# Randy this drag is for you!



## chuck n (Jan 2, 2008)

Earlier this week Dr. Rivet had some visitors coming to see some trains run on his layout. He ask me if I could bring out a train. "Sure", I said. Rather than bring out my usual ore train, I brought out a string of 22 coal hoppers, 20 USAt 3bays and 2 Aristo 2 bays.

As usual the mallet didn't even slow down on the grade.






































Unfortunately the visitor didn't come, but we had a great time clearing the track and running.

Chuck


----------



## SD90WLMT (Feb 16, 2010)

..... the visitor was a no show... LOL!!


----------



## Naptowneng (Jun 14, 2010)

Looks good Chuck. Glad to see the layout getting some exercise

Jerry


----------



## chuck n (Jan 2, 2008)

Dirk, he did call, but I was already on the way. This was his second late cancellation. I think, Jim's rule will be two strikes and you're out.


Jerry,

Jim's is the only place I can run a longer train. I'm limited to about 12 hoppers on my home layout, otherwise the gap between the engine and the caboose wouldn't look too good.

Chuck


----------



## Randy Stone (Jan 2, 2008)

Train looks great. Love the black coal hoppers. I been thinking of painting all my MDC 2 bay coal hoppers black and lettering them for the B&O. I have over 50 of them.
We could combine them and have a 100 unit coal drag.


----------



## chuck n (Jan 2, 2008)

Randy

Sounds like fun!

They were a mixture of B&O, C&O, CSX, PRR, and D&RGW.

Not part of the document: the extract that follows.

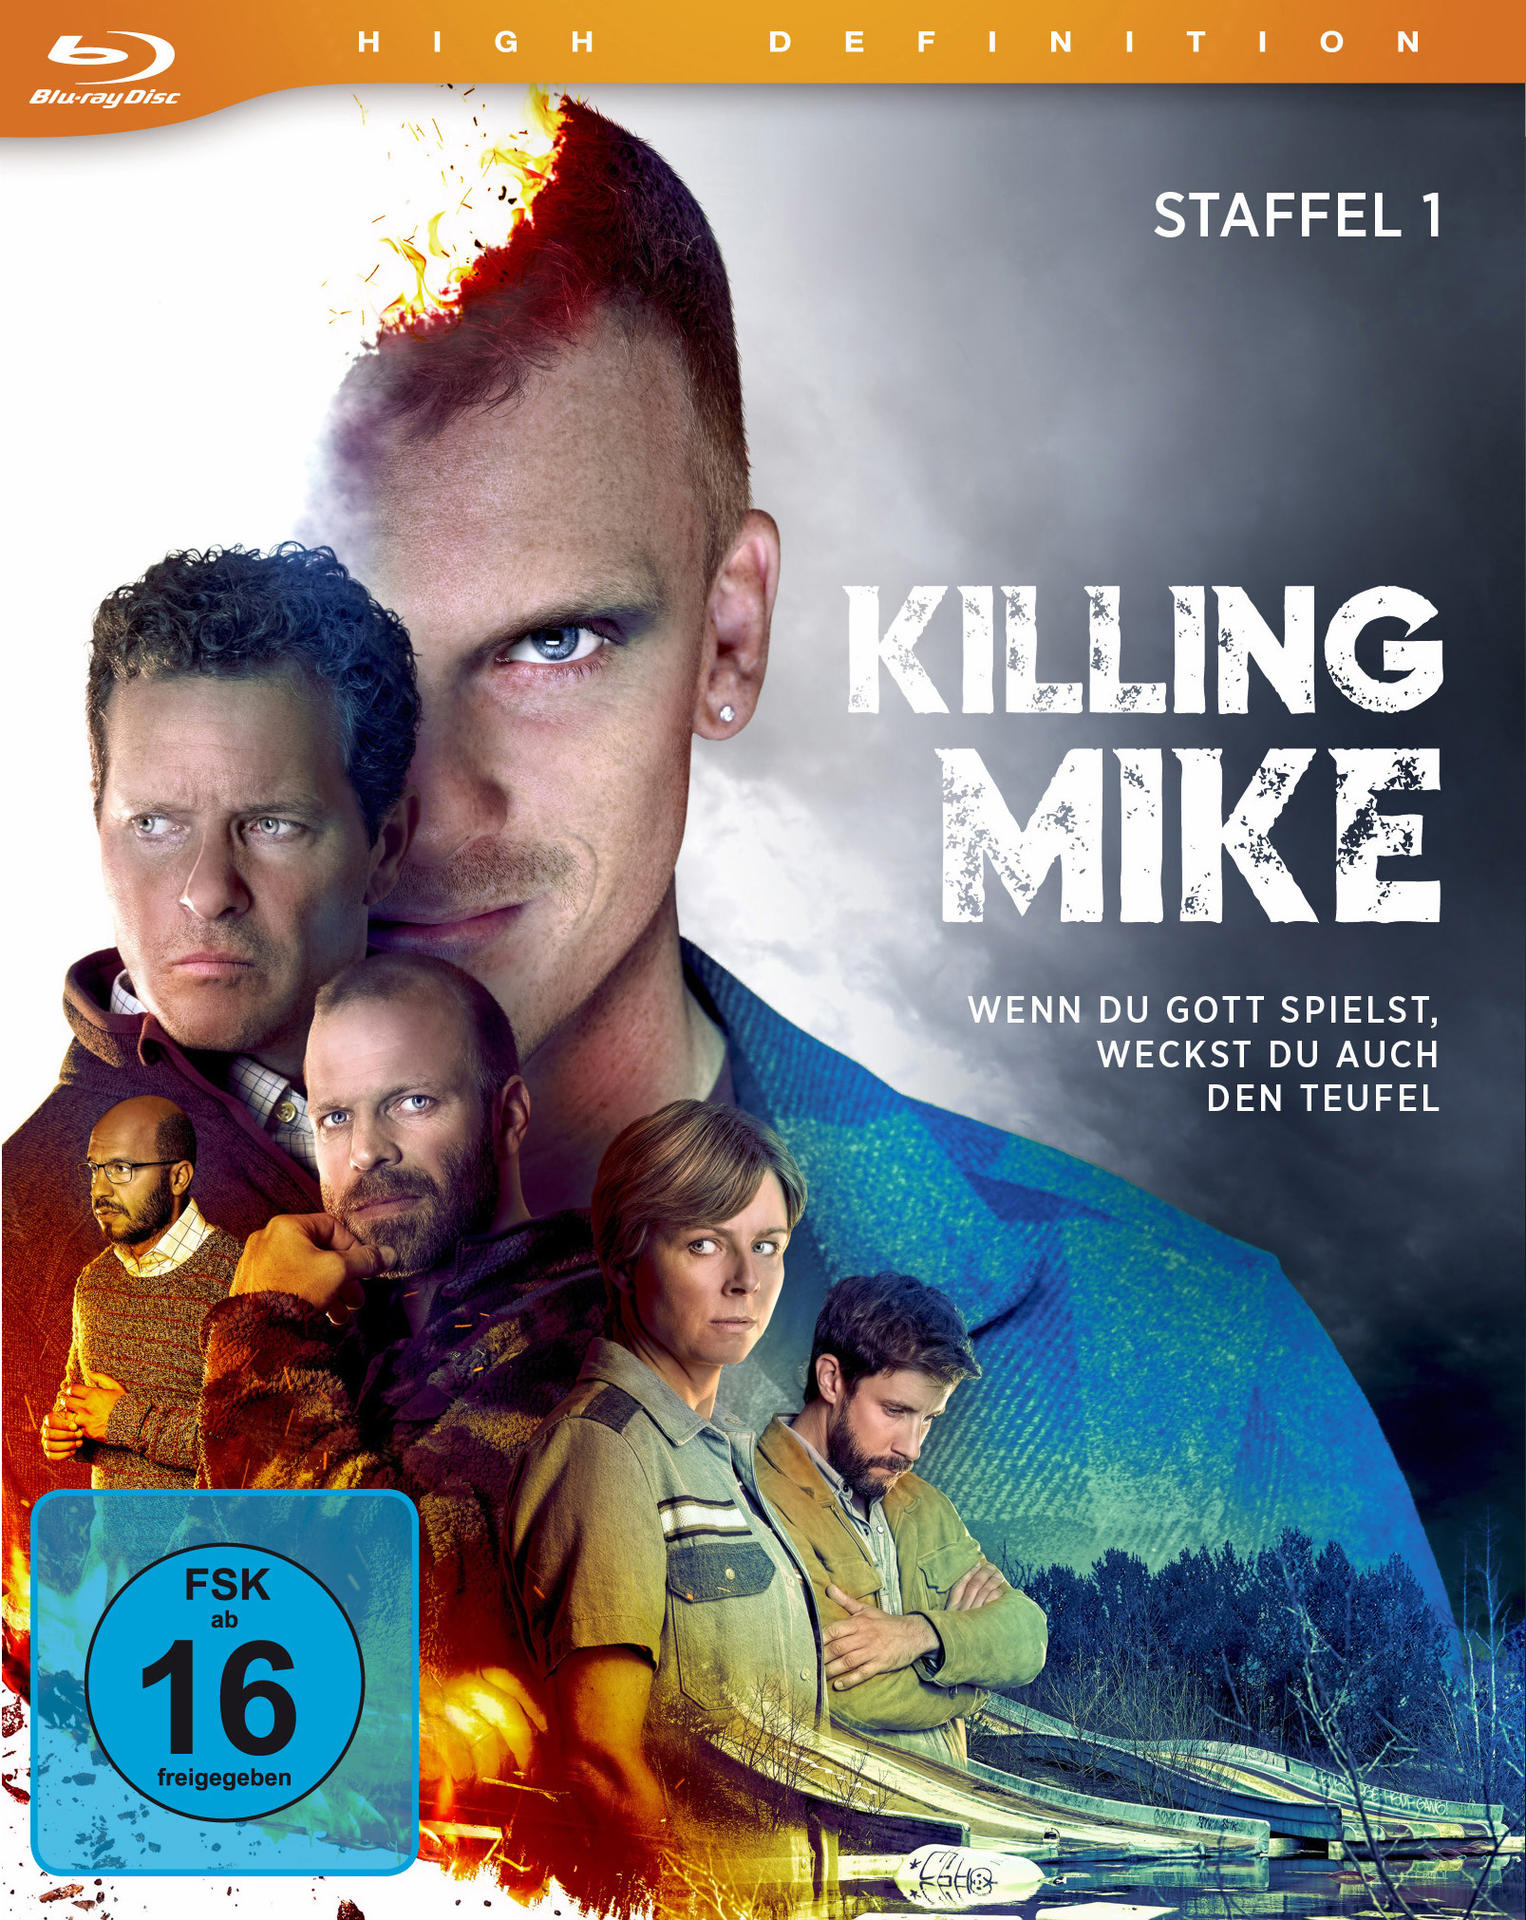 - 1 Killing Blu-ray Mike Staffel

The only problem is could my mallet pull it?

Chuck

PS. When you upgrade your hoppers, check with Stan Cedarleaf for decals. I've used them for many projects and with his instructions, you will end up with a great look.


----------



## Totalwrecker (Feb 26, 2009)

Just back up to take up the slack, once you over come inertia that beauty should keep them rolling.
John


----------



## Dave Meashey (Jan 2, 2008)

Hi All;

I have no wish to derail this thread, so just consider my post a footnote. The last real Y6a, number 2156, arrived in Roanoke, VA this week from St. Louis, MO. The locomotive is currently at the NS East End Shops, where the main rods and other items are being installed. The locomotive will be on a long term loan to the Virginia Museum of Transportation, located in the former N&W less than carload freight station. Now it will be possible for railroad enthusiasts to view and photograph the N&W "Big Three" (classes A, J, & Y) together in the same town where they were built.

Just thought you would like to know,
David Meashey


----------



## chuck n (Jan 2, 2008)

Thanks, Dave. I think that the Y-6a is the prototype for the Aristo Mallet.

Chuck


----------